Here are some potential next steps:

- Find a better way to eliminate non-informative words than just removing words that are less than 6 characters long. Some ideas:
    - Manually create a list of words to remove, like the, than, etc.
    - Find a list of stopwords to remove.
    - Remove words that occur in more than a certain percentage (like 5%) of questions.
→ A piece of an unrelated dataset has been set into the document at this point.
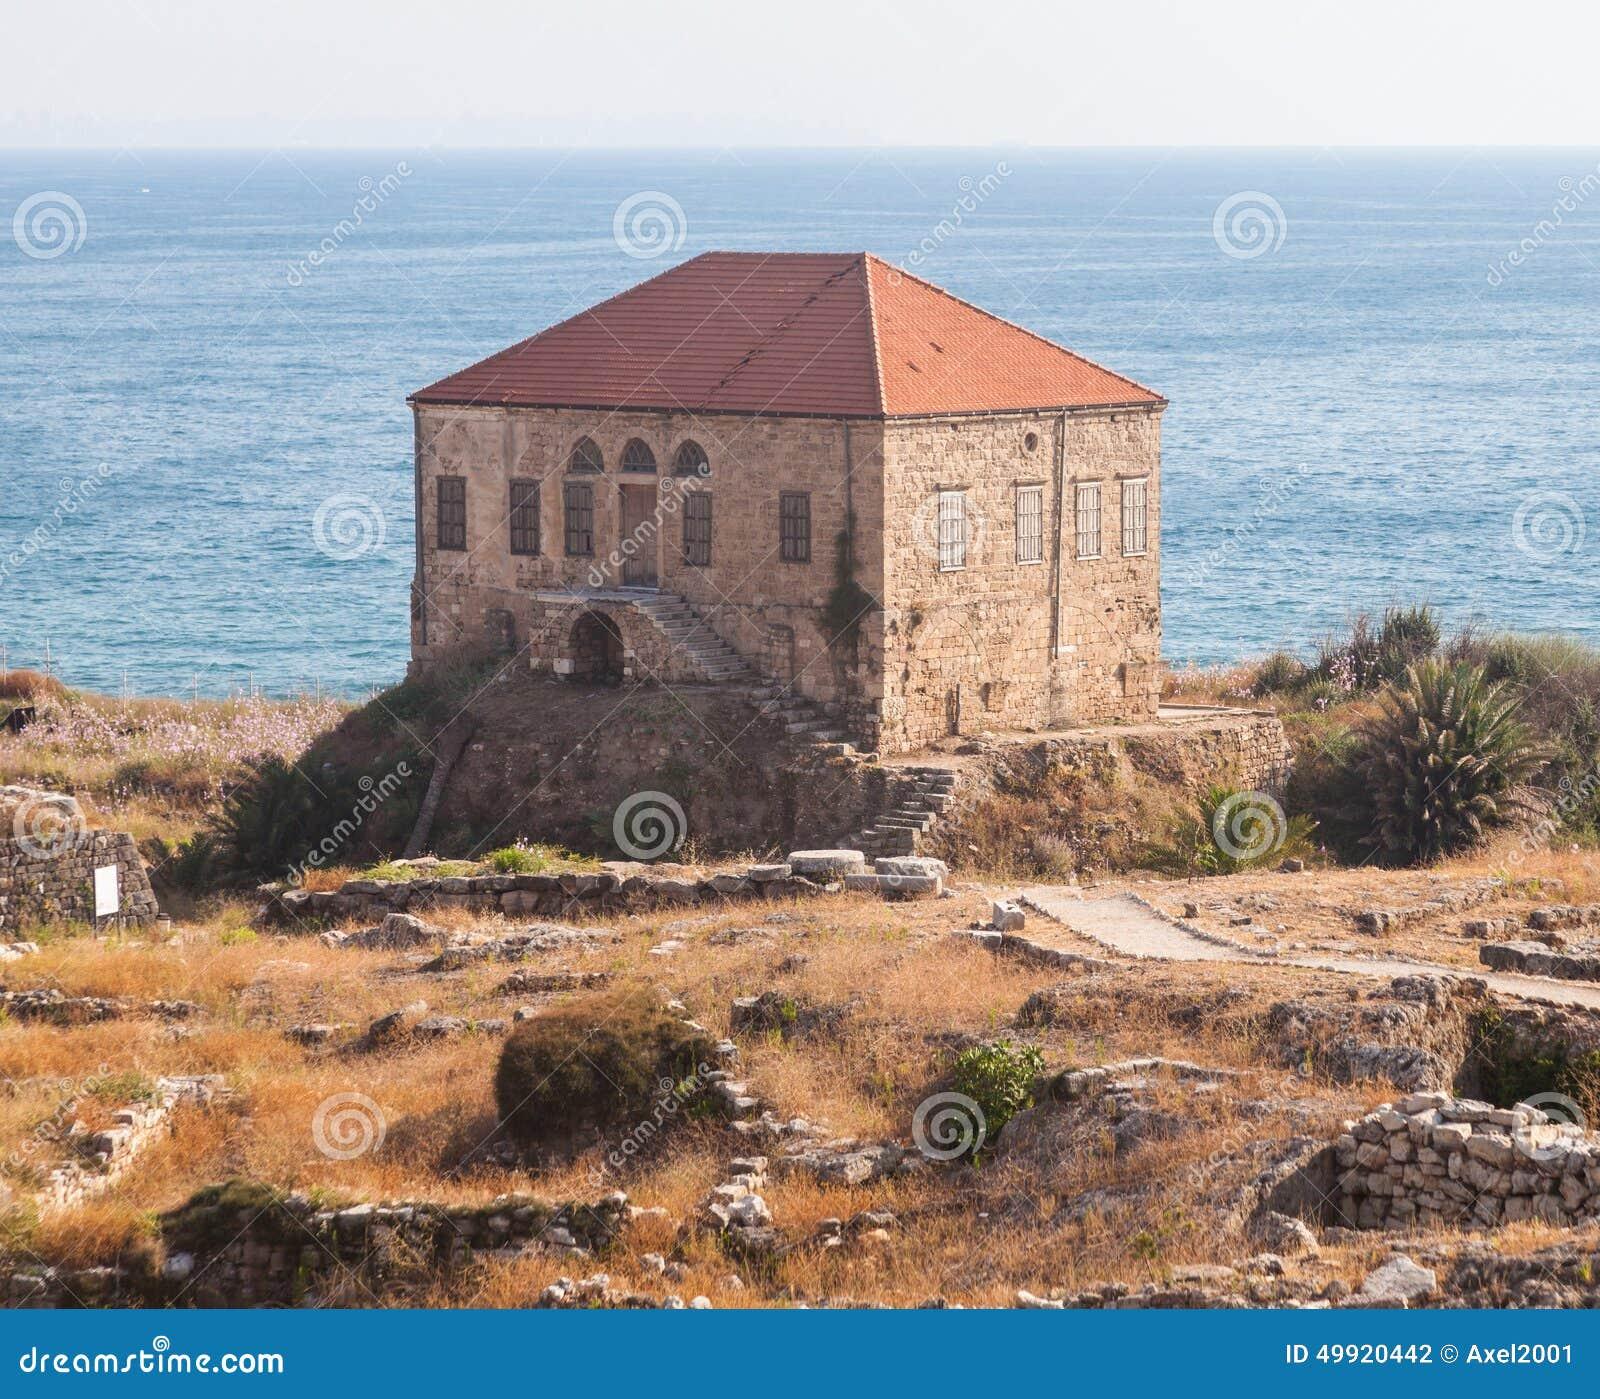 Maison libanaise traditionnelle au dessus de la mer for Maison prefabriquee liban
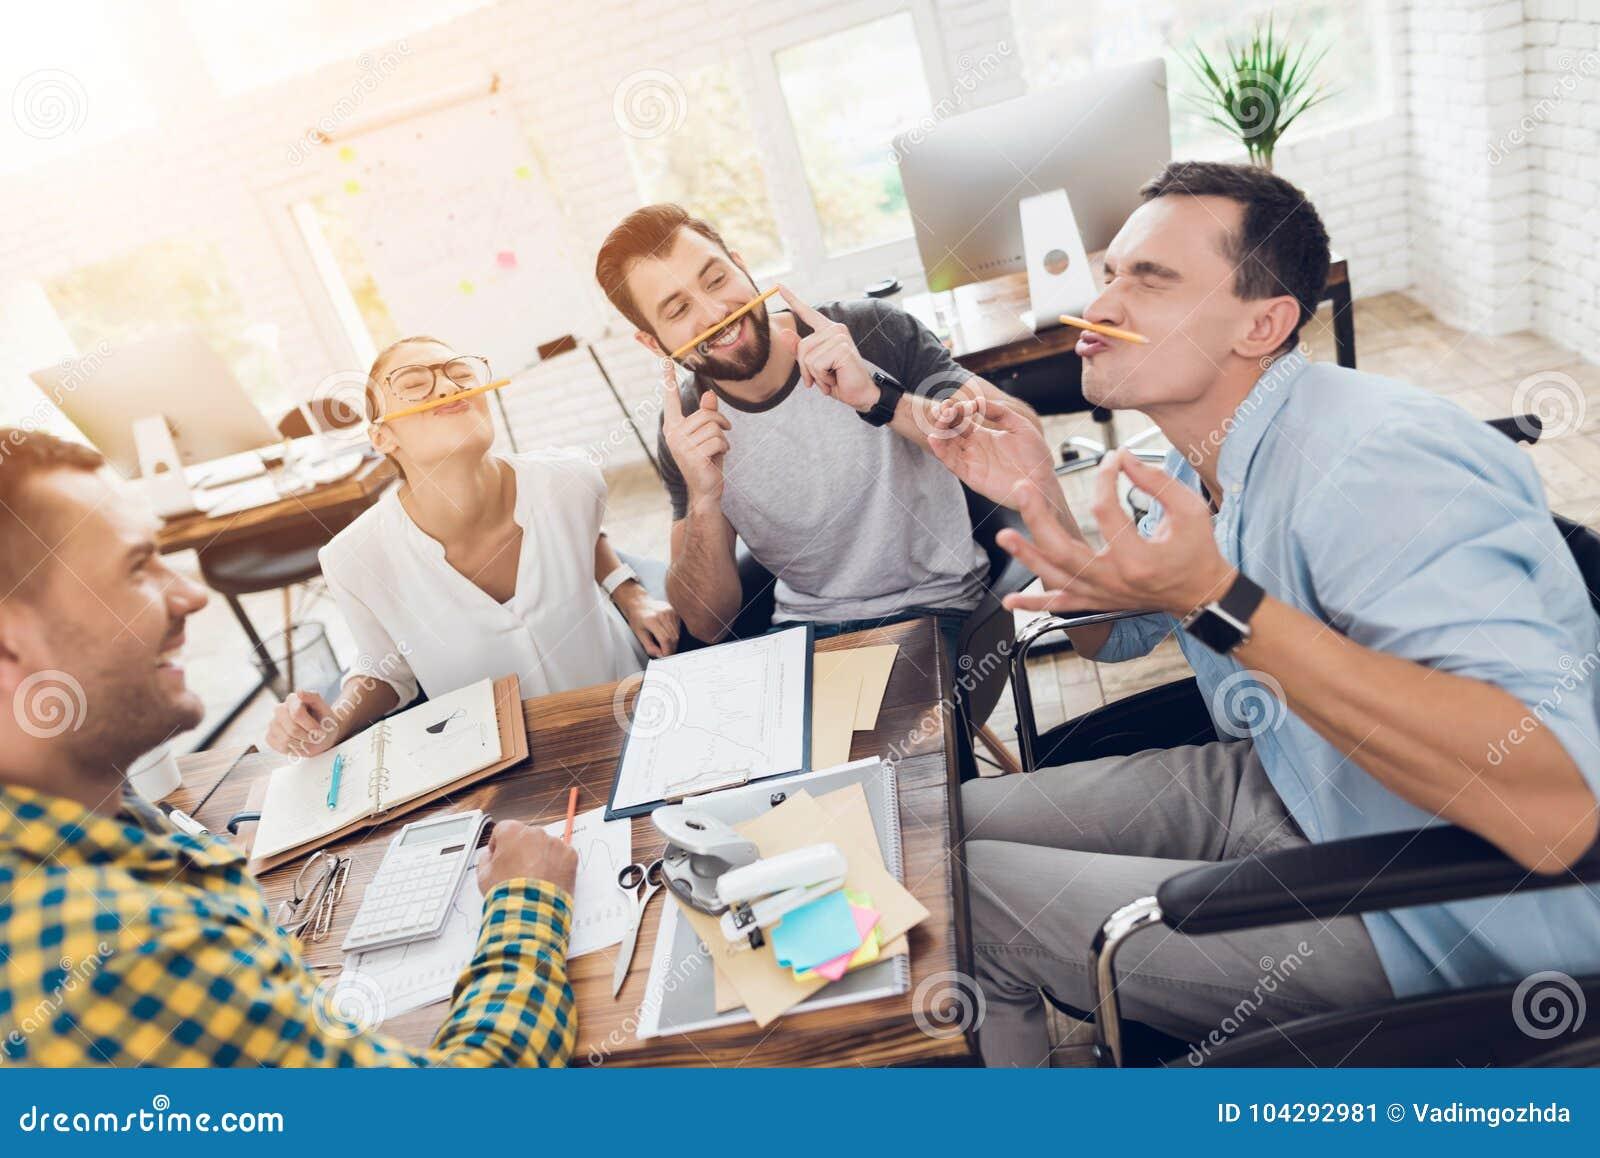 在业务会议的断裂期间,公司的雇员获得乐趣

- Perform the chi-squared test across more terms to see what terms have larger differences. This is hard to do currently because the code is slow, but here are some ideas:
    - Use the apply method to make the code that calculates frequencies more efficient.
    - Only select terms that have high frequencies across the dataset, and ignore the others.
- Look more into the Category column and see if any interesting analysis can be done with it. Some ideas:
    - See which categories appear the most often.
    - Find the probability of each category appearing in each round.
- Use the whole Jeopardy dataset (available [here](https://www.reddit.com/r/datasets/comments/1uyd0t/200000_jeopardy_questions_in_a_json_file/)) instead of the subset we used in this lesson.
- Use phrases instead of single words when seeing if there's overlap between questions. Single words don't capture the whole context of the question well.